## TASK OBJECTIVE
Transcribe word for word each line from the one containing "en montagne avec" to the final line of the data, both included. Skip the pictures.

## EXERCISE DATA

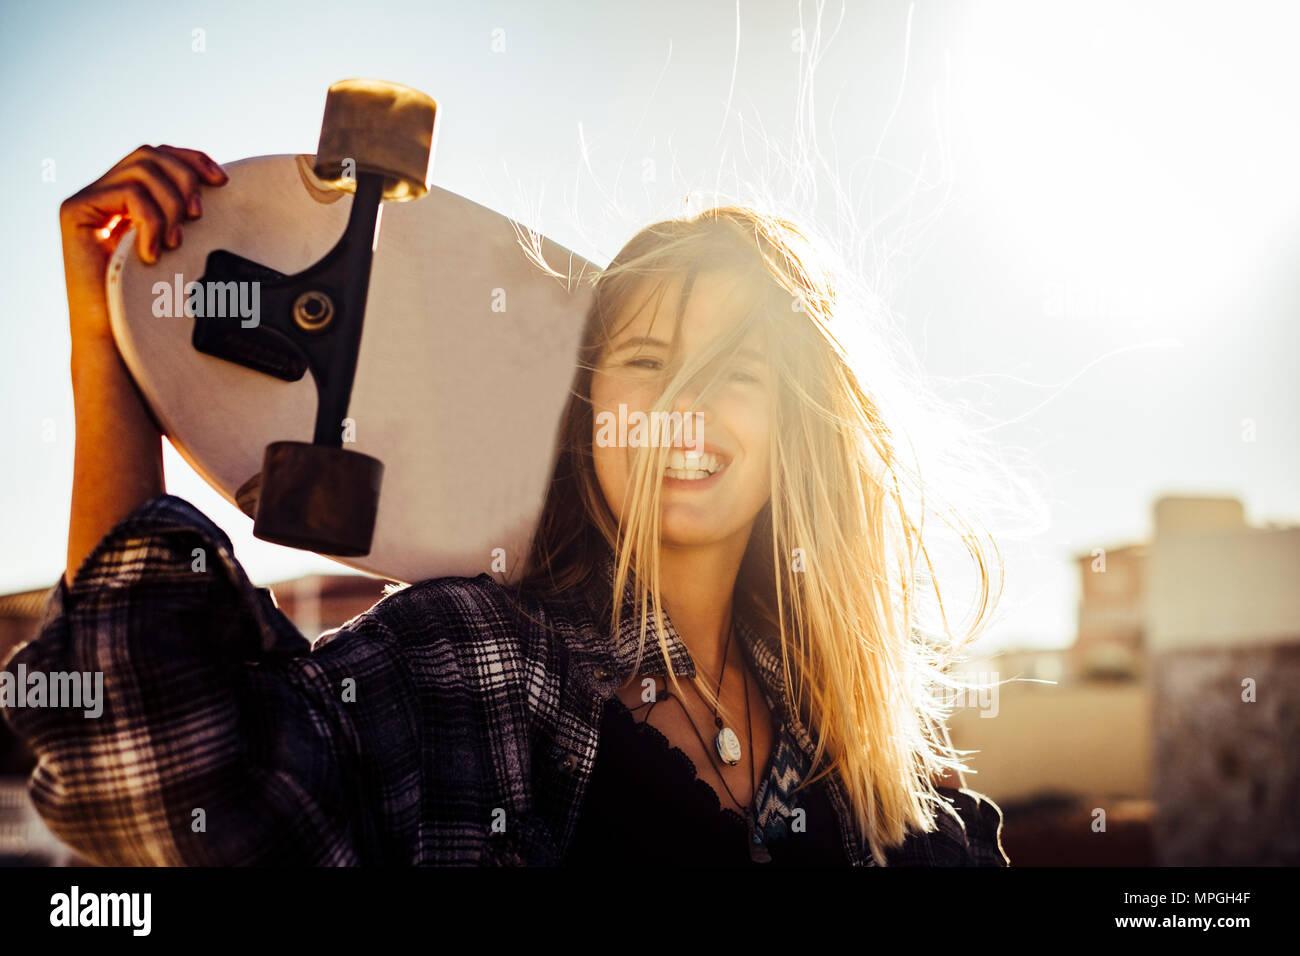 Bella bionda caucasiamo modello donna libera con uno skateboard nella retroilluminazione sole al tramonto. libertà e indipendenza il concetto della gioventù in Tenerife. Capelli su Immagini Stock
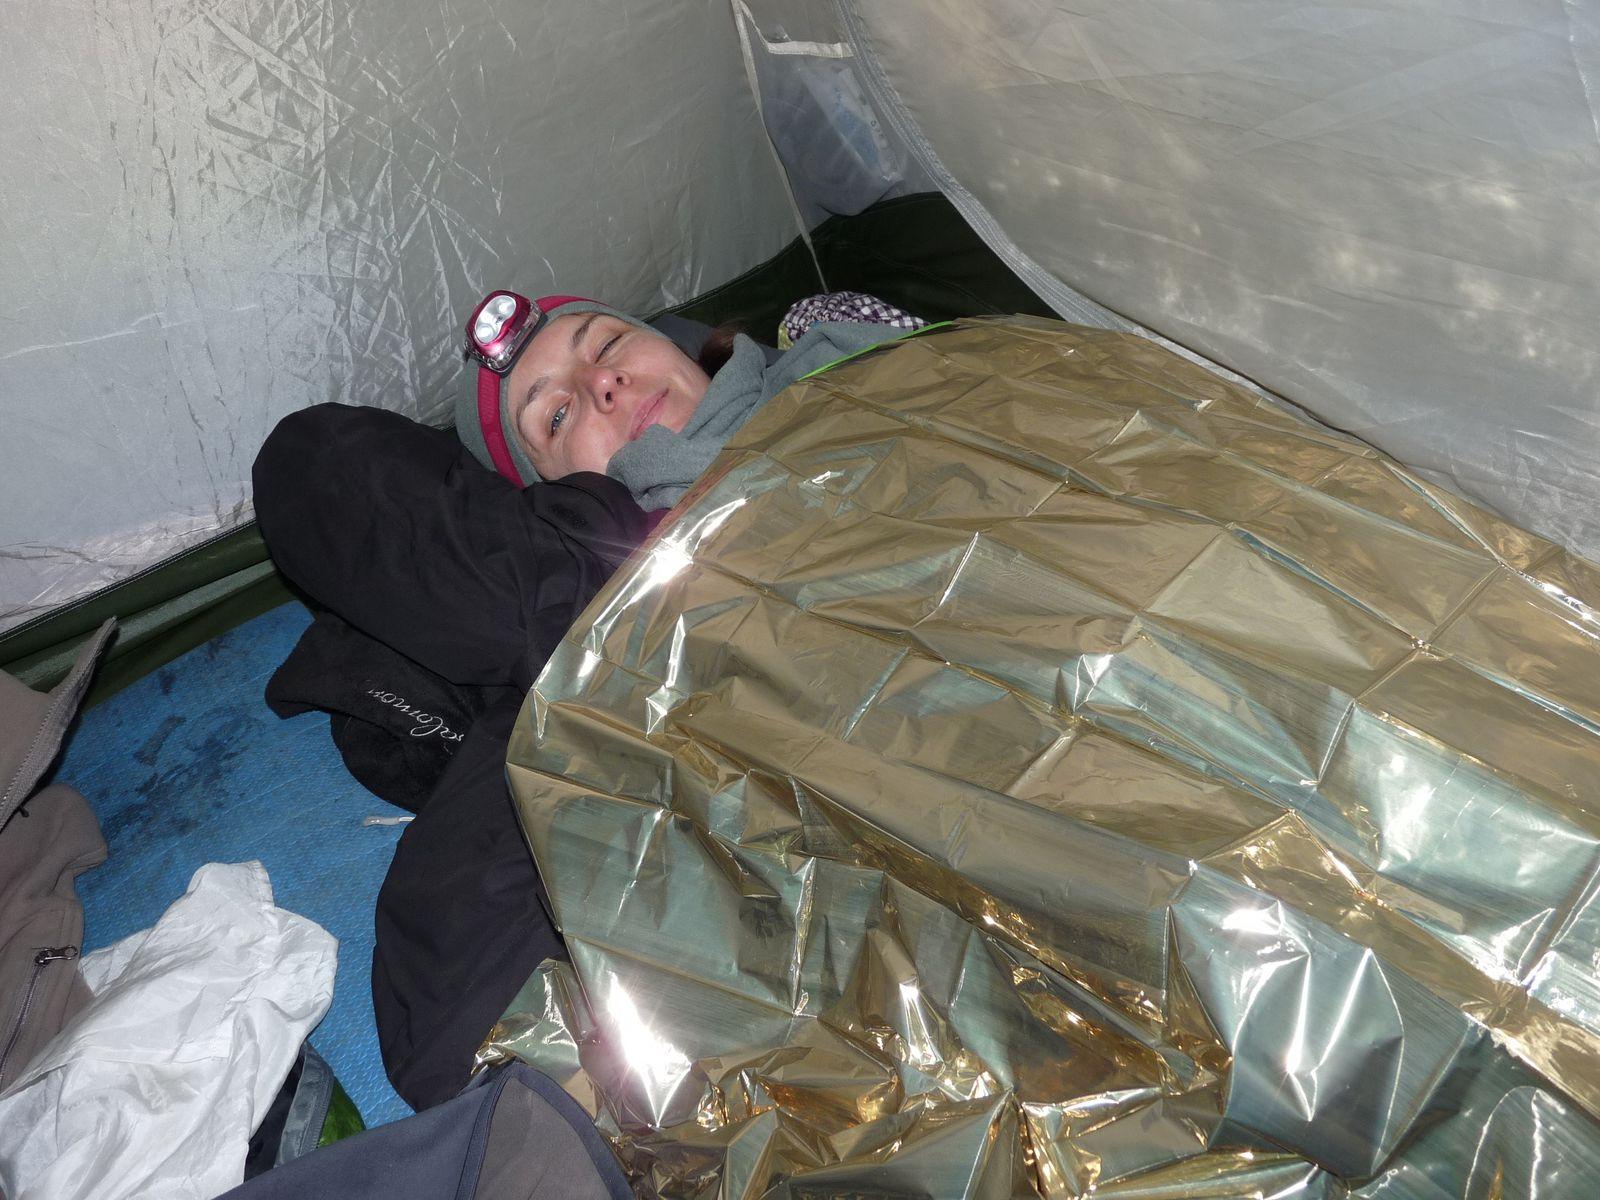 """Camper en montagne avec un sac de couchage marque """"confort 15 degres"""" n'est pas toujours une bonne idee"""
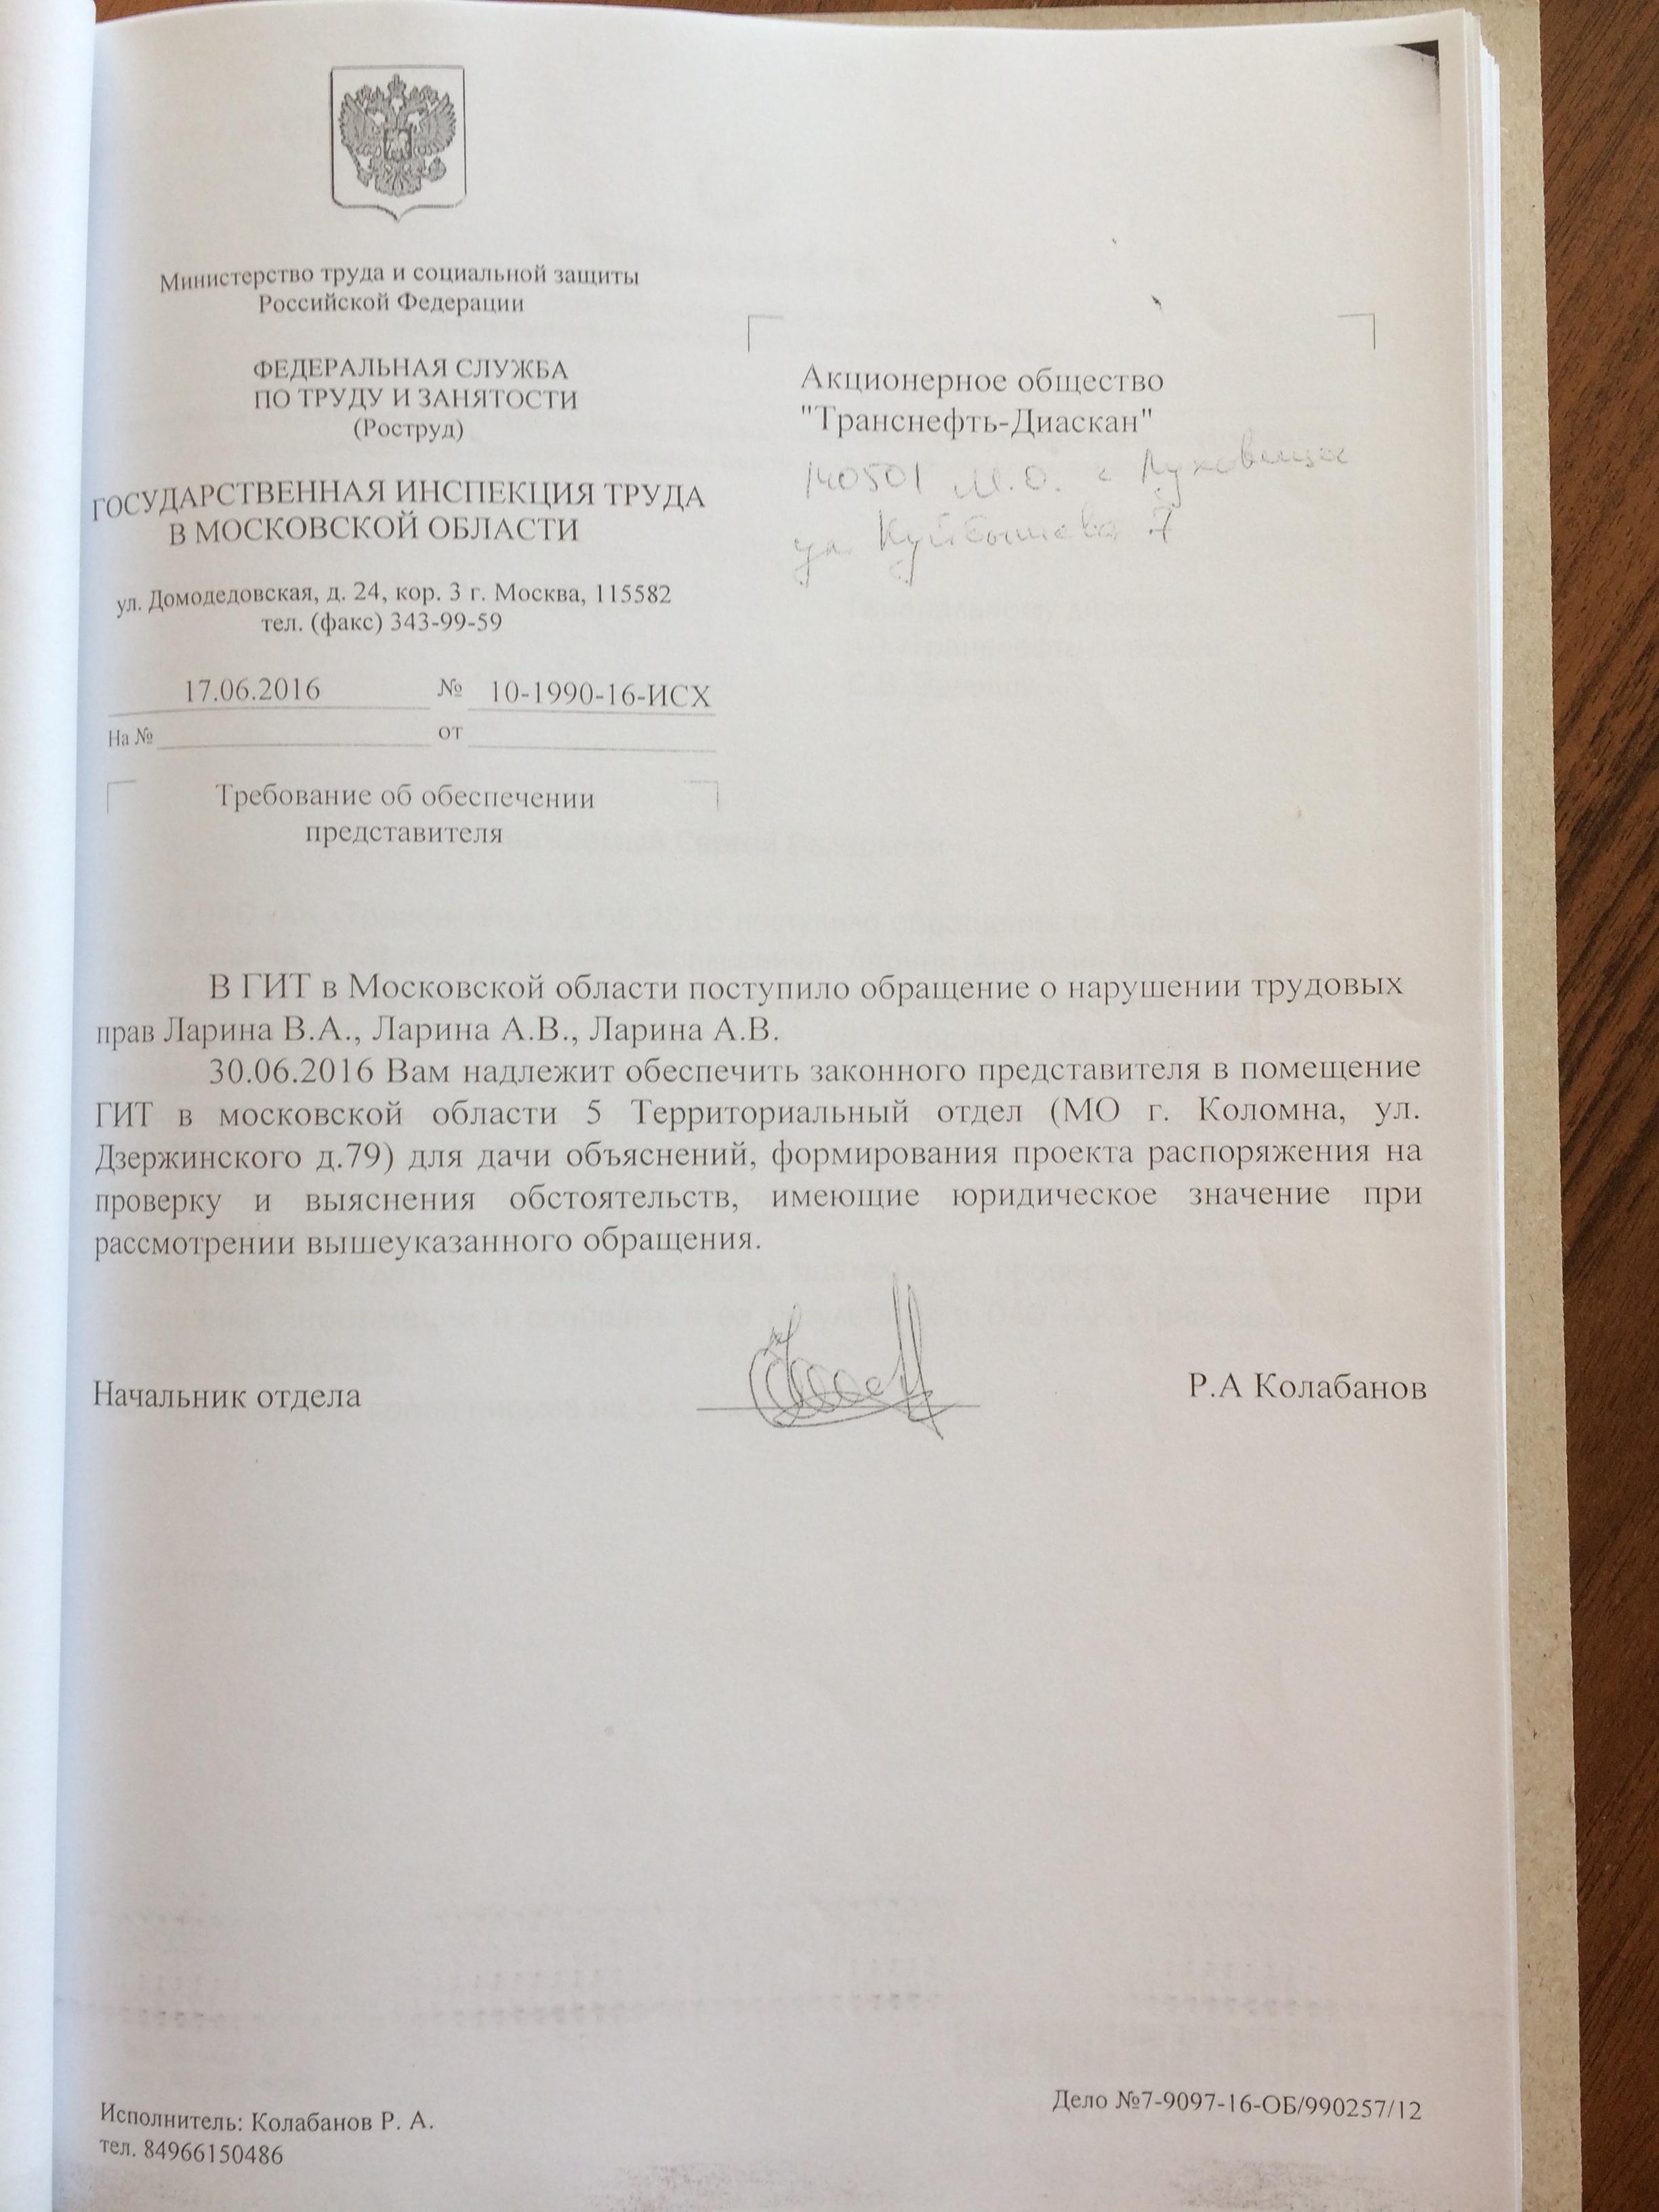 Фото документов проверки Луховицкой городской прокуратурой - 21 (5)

## RESULT OF THE EXERCISE
 """Camper en montagne avec un sac de couchage marque """"confort 15 degres"""" n'est pas toujours une bonne idee"""
 Фото документов проверки Луховицкой городской прокуратурой - 21 (5)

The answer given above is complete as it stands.